Coronary balloon angioplasty through diagnostic 6 French catheters.
 We investigated the use of ultralow profile balloon catheters (Scimed ACE, USCI Probe, Cordis, Orion) for coronary angioplasty through 6 French diagnostic catheters (Schneider, Cordis).
 Contrast injection was assisted with a Hercules pump (Cordis) in all cases.
 During 21 procedures, angioplasty of 27 lesions in 20 selected patients was attempted (1.3 lesion/procedure).
 Twelve lesions were in the right, 10 in the left anterior descending, and 5 in the left circumflex coronary artery.
 Balloon size varied between 2.5 and 3.5 mm.
 Twenty lesions could be successfully dilated (74%) through the 6 French catheter and 7 lesions required an exchange to a 7 French angioplasty guiding catheter.
 For 5 cases, another balloon was also necessary to complete the procedure.

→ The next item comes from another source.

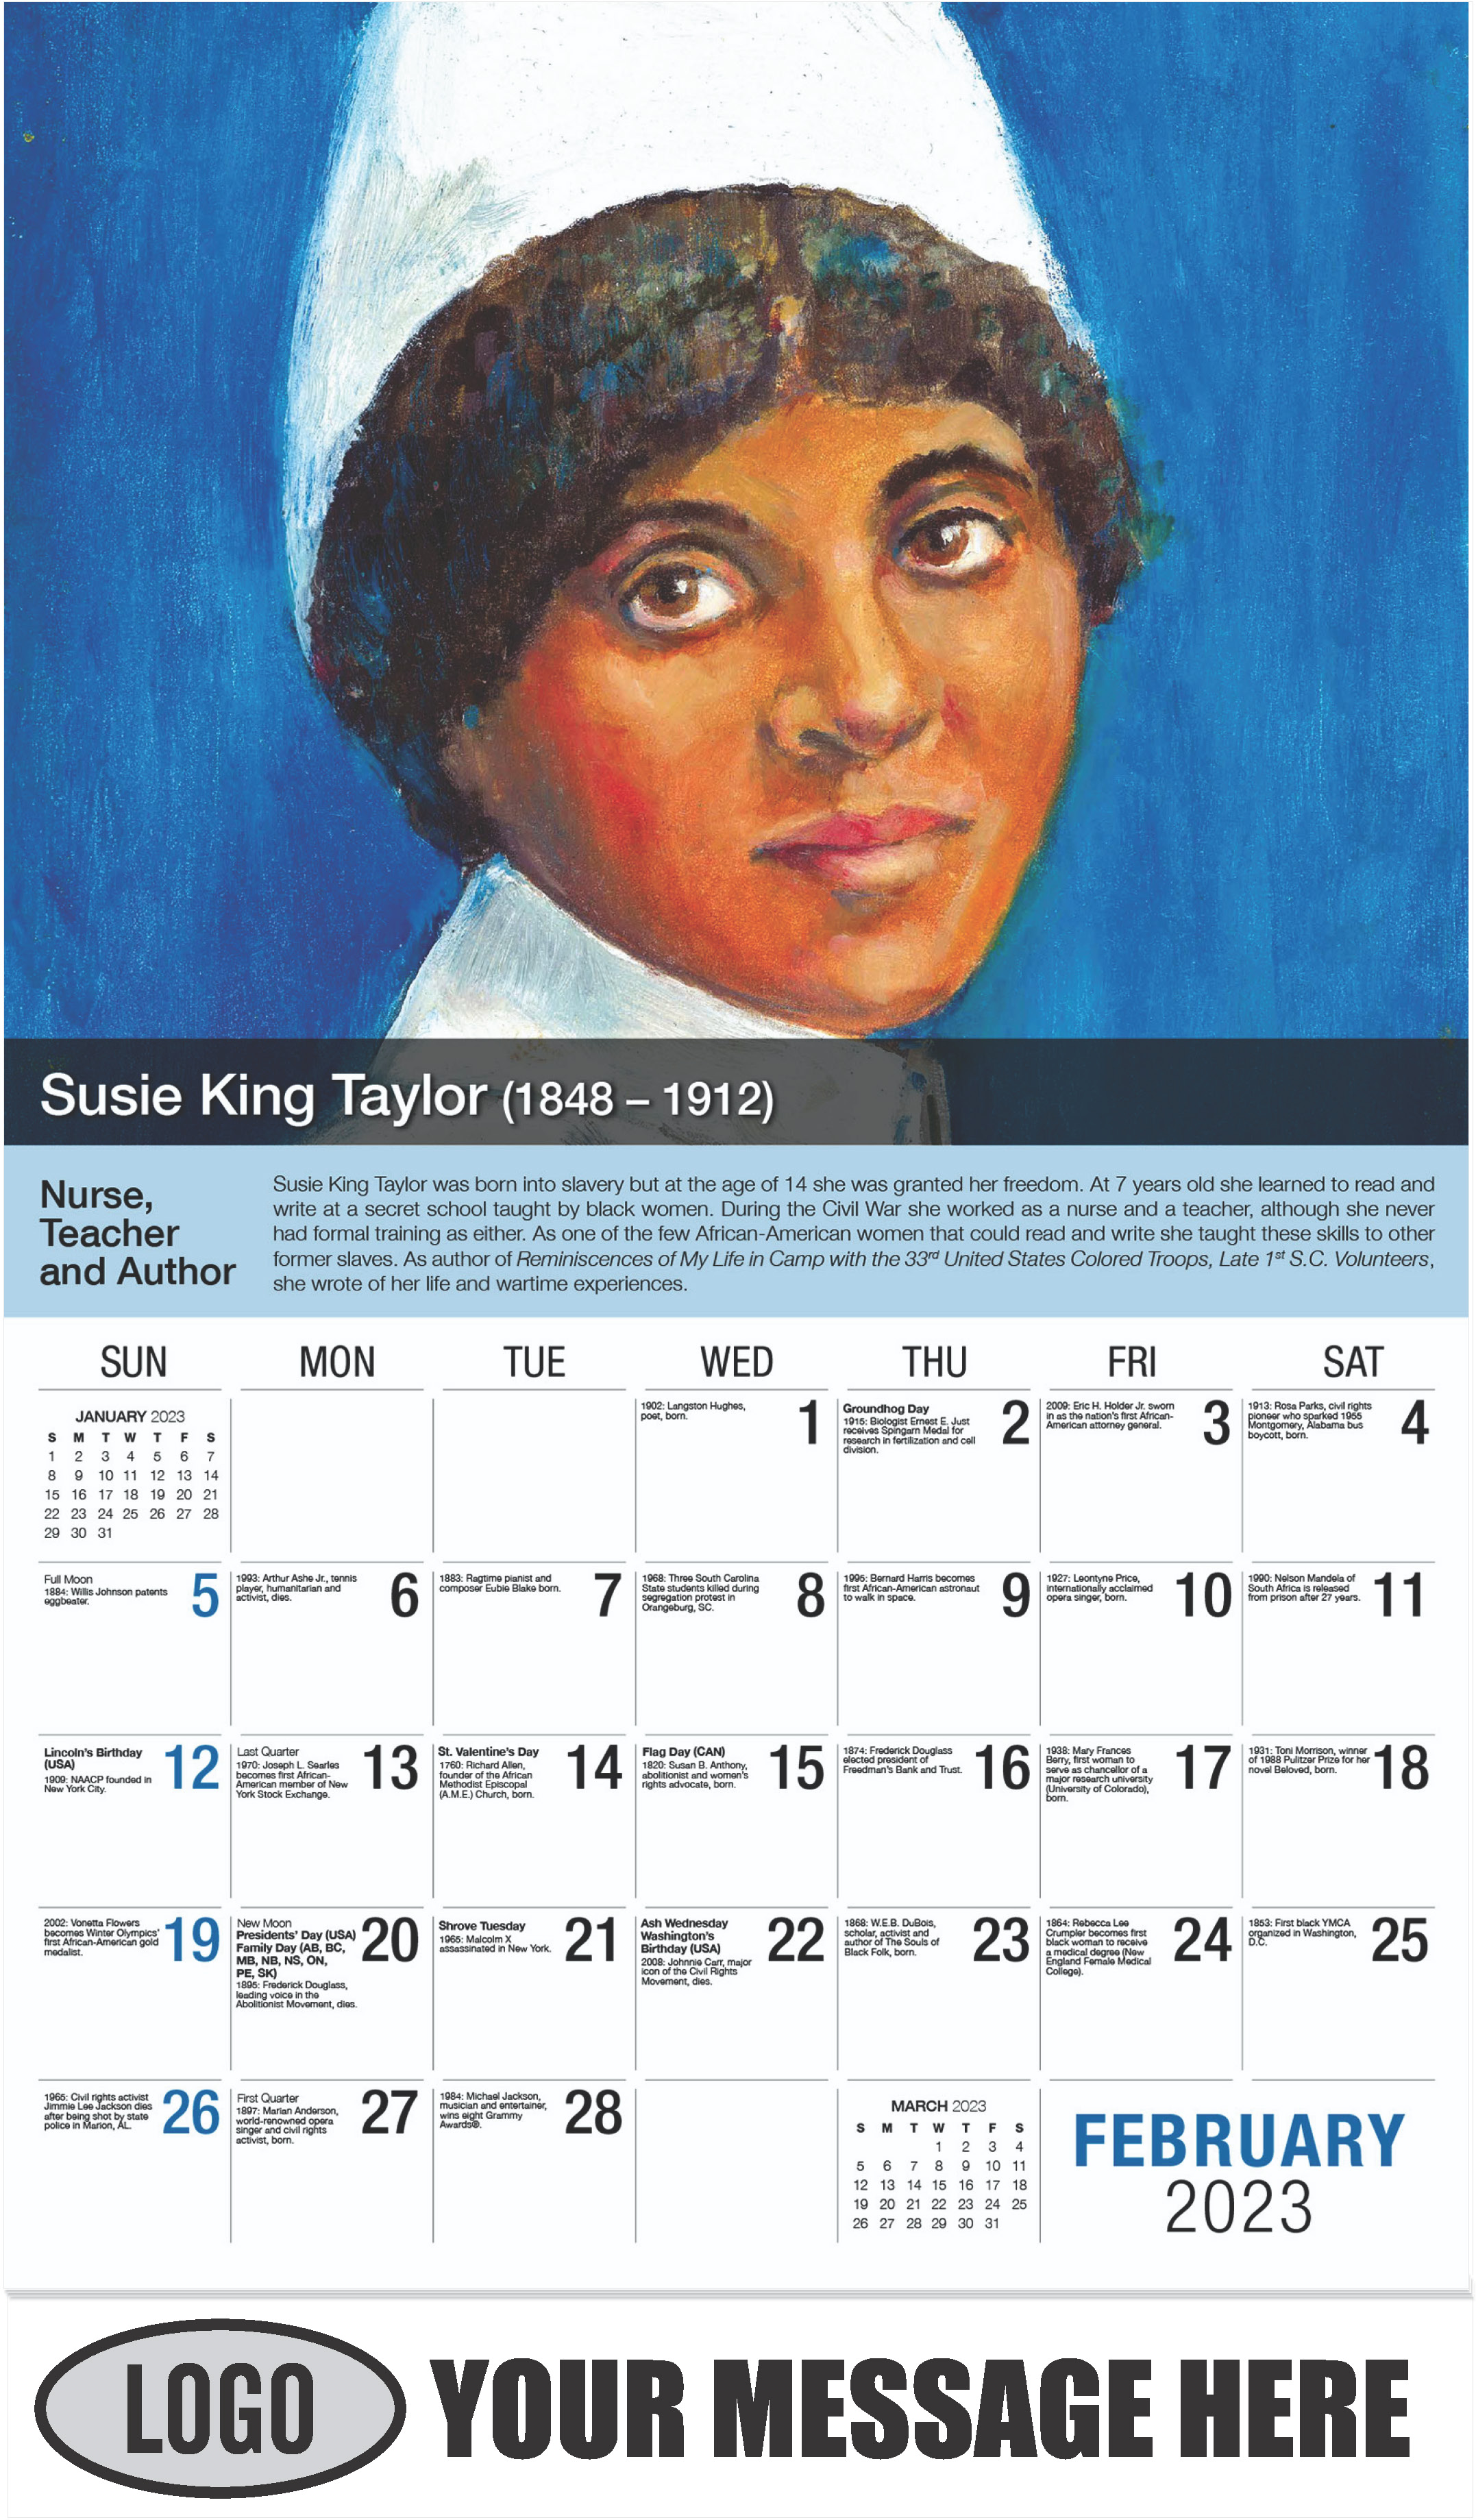 Susie King Taylor - February - Black History 2023 Promotional Calendar

 The final overall success rate was 100% per patient and per lesion and there were no major complications.
 Despite the small internal catheter lumen (1.22 mm) coronary visualization was adequate, and mechanical support was good.
 Failures of 6 French catheters were attributed to insufficient torque control and excessive friction when the balloon crossed the tapered end of the diagnostic catheter.
 Coronary angioplasty through a diagnostic 6 French catheter is feasible and may represent a reasonable alternative for simple cases that are done during the same session as the diagnostic angiography.
 Once available, 6 French high flow angioplasty guiding catheters without a tapered tip should improve success while retaining the advantage of a small femoral puncture site.